**MATERIAL FOR THE TASK**
§

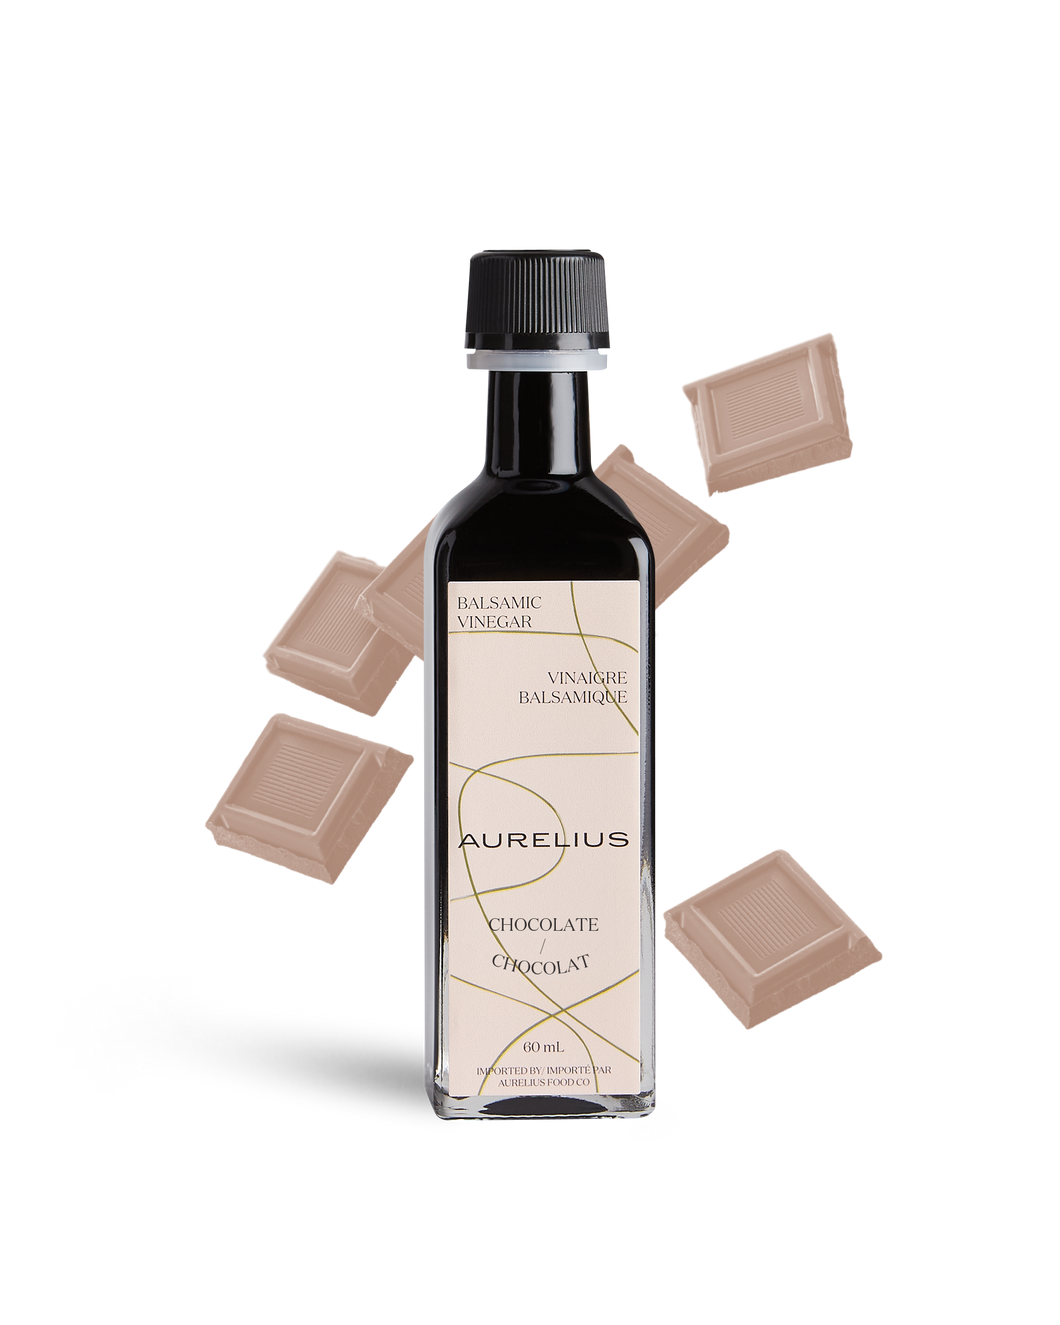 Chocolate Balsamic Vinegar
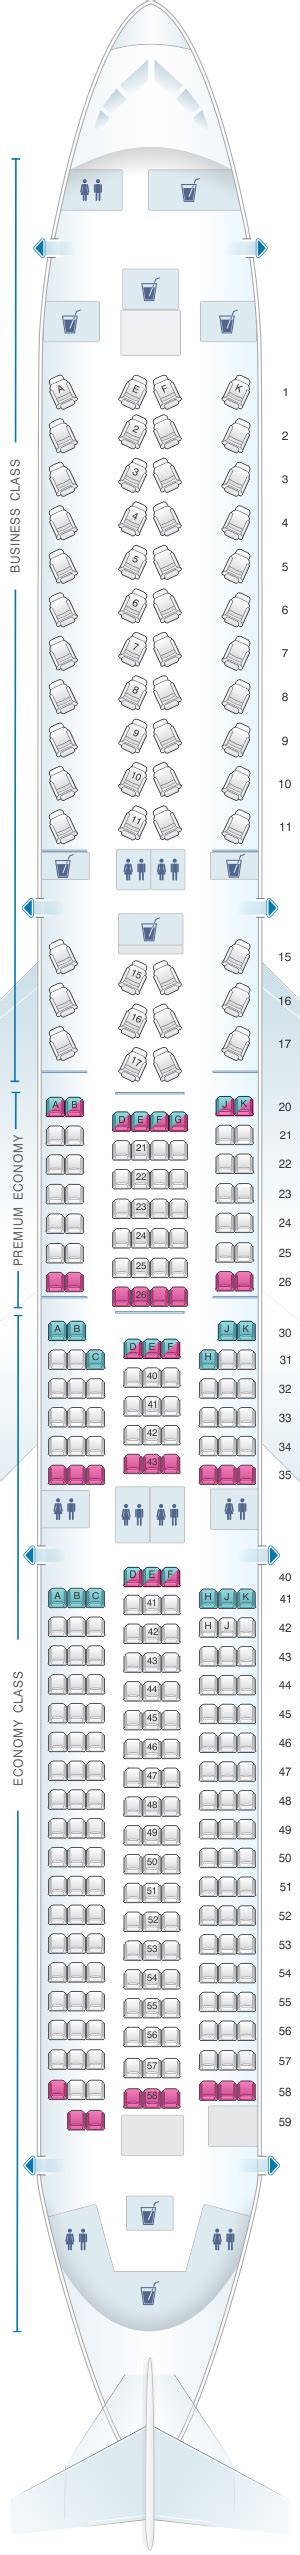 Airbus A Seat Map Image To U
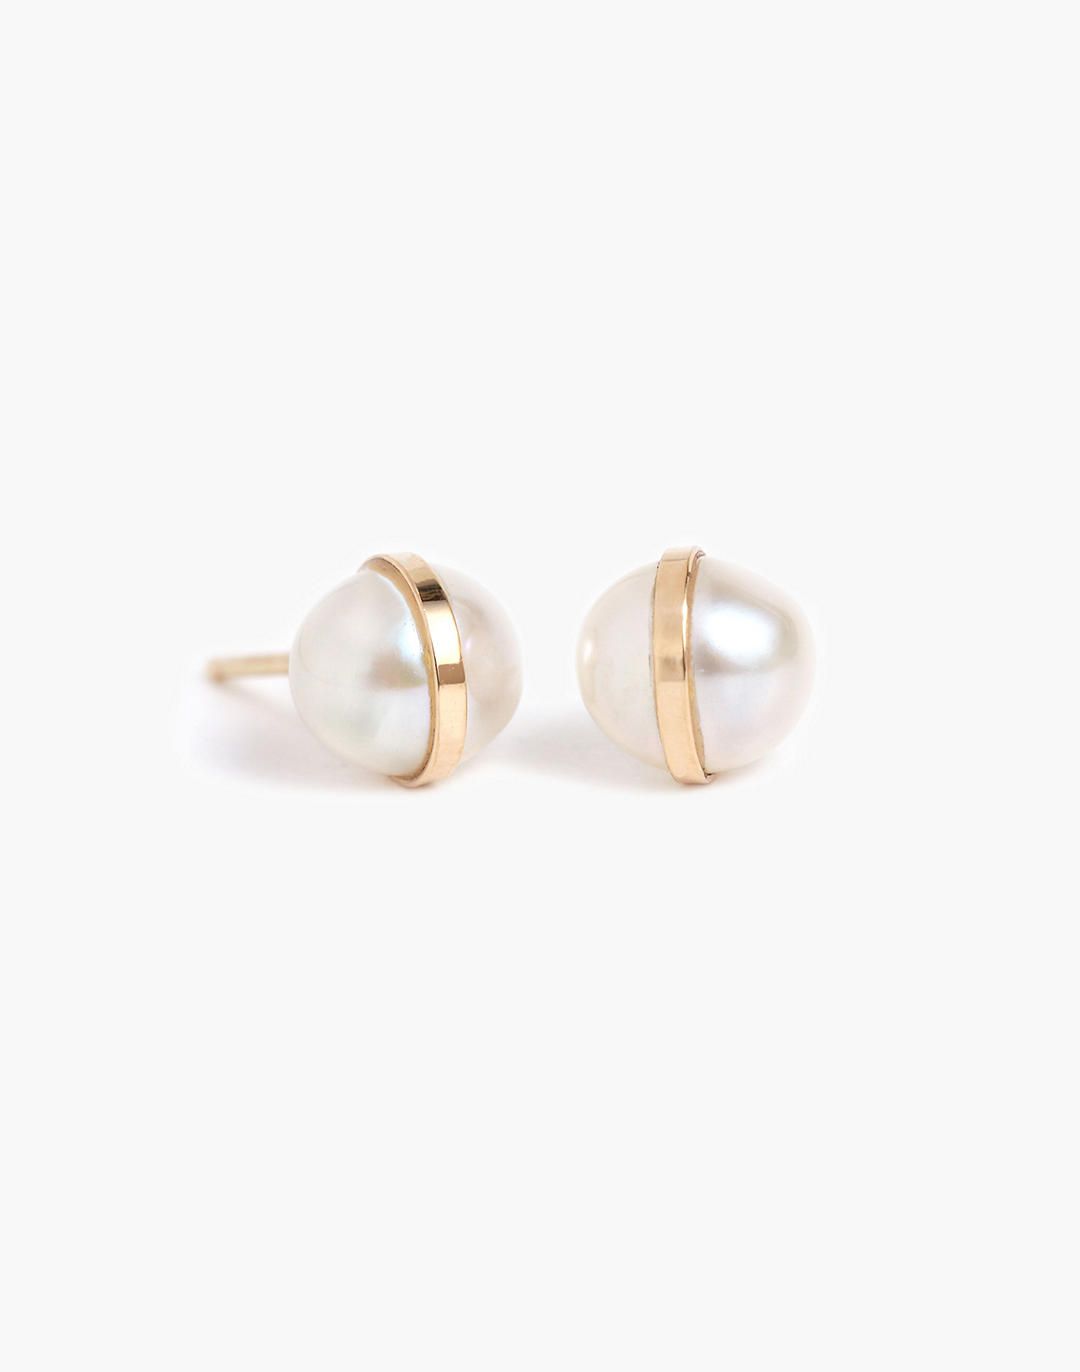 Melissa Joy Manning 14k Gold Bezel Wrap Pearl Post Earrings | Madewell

§

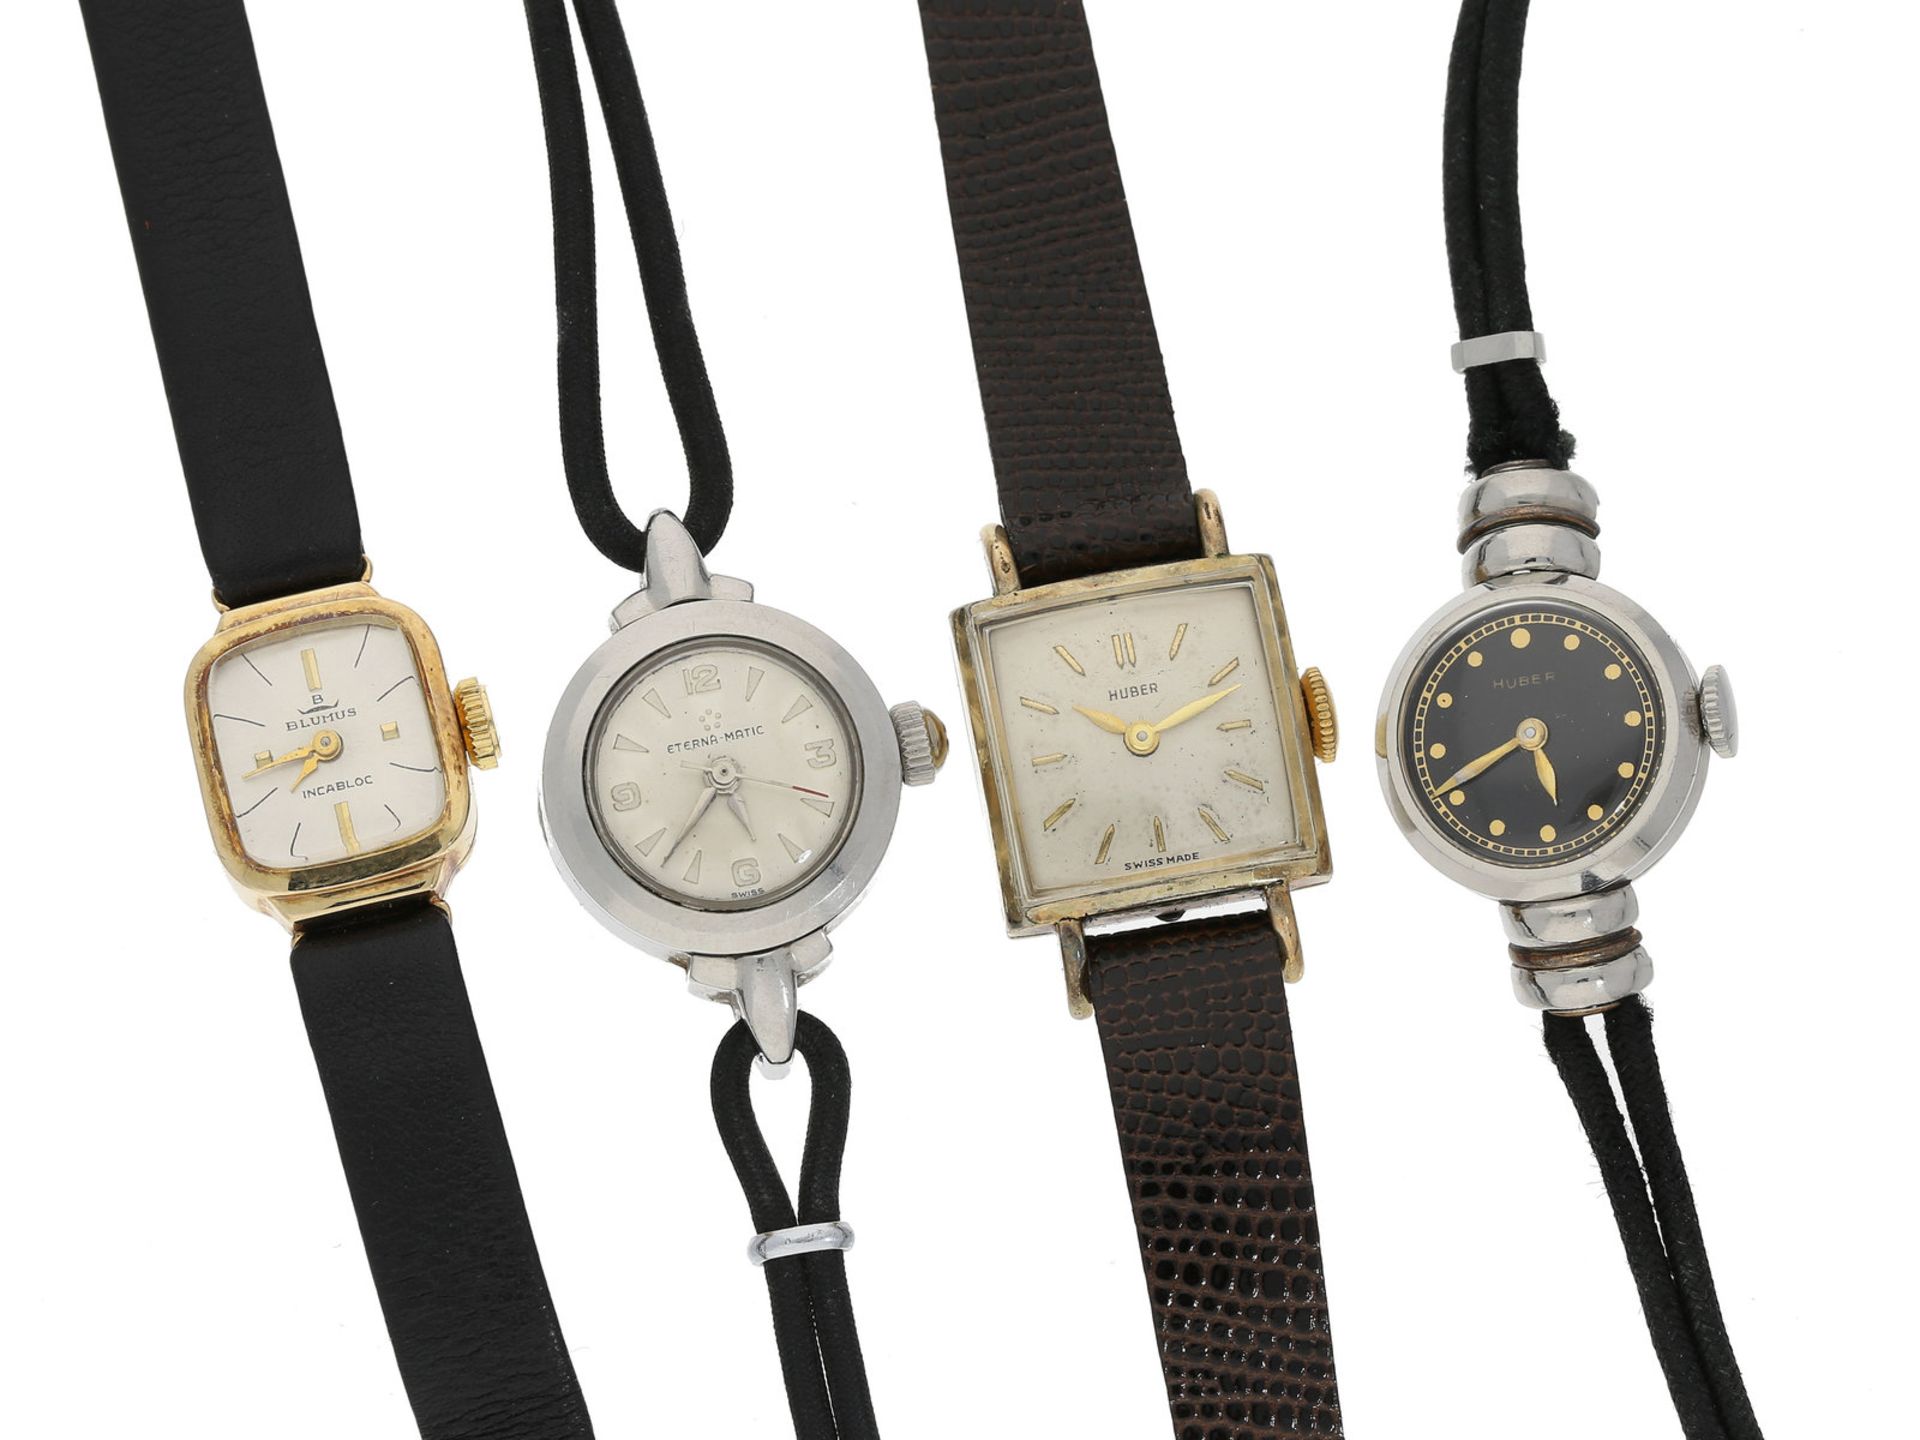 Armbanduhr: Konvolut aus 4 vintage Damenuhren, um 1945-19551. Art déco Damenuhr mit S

§

**PROBLEM DETAILS**
Above are some records; quote exactly and only the lines that begin at the line containing "Airbus A Seat Map Image To U" and stop after the line containing "Melissa Joy Manning", leaving out the pictures.

**RESPONSE AREA**
 Airbus A Seat Map Image To U
 Melissa Joy Manning 14k Gold Bezel Wrap Pearl Post Earrings | Madewell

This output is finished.